▶ _What you should do_: From the data below, repeat exactly the lines from the line with "Turkey's drilling vessel" to the line with "Hayley Woolen, a", both included.

▶ _The records_:
---

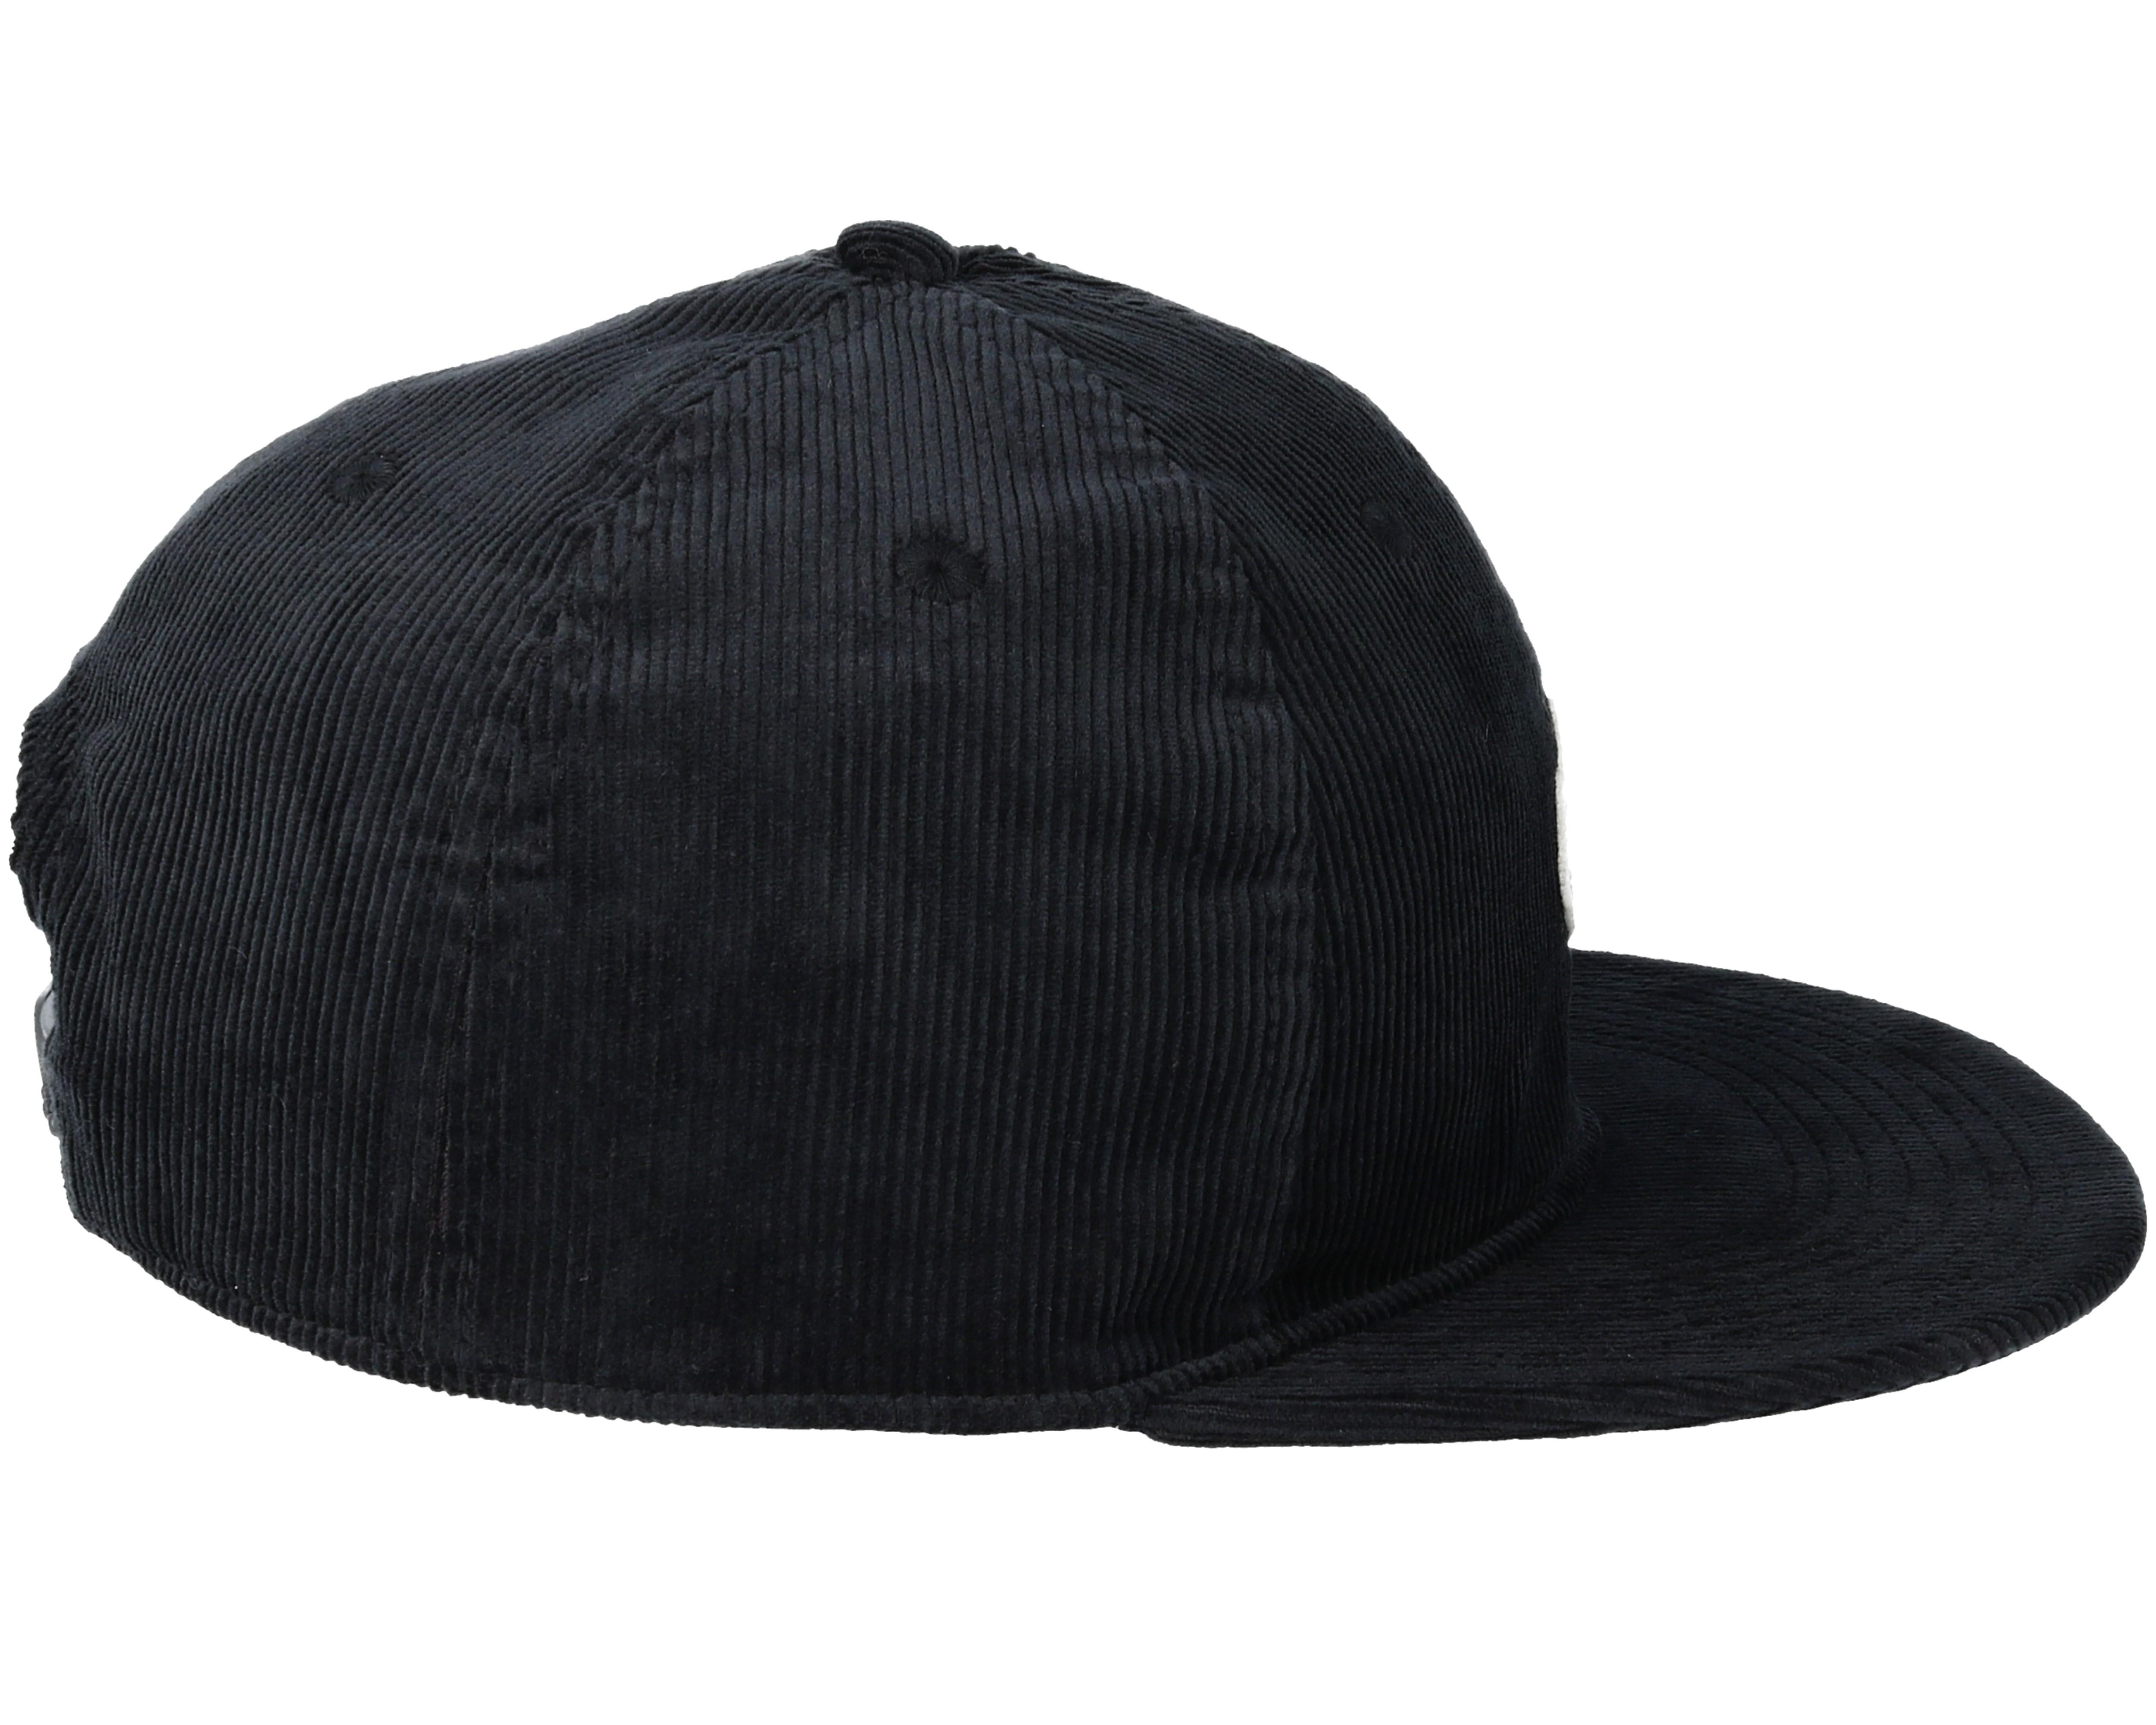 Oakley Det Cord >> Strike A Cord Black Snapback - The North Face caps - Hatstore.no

---

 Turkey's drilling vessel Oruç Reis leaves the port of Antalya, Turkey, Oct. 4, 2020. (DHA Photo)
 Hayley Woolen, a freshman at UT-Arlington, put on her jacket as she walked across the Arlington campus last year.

---

▶ _Solution below_:
 Turkey's drilling vessel Oruç Reis leaves the port of Antalya, Turkey, Oct. 4, 2020. (DHA Photo)
 Hayley Woolen, a freshman at UT-Arlington, put on her jacket as she walked across the Arlington campus last year.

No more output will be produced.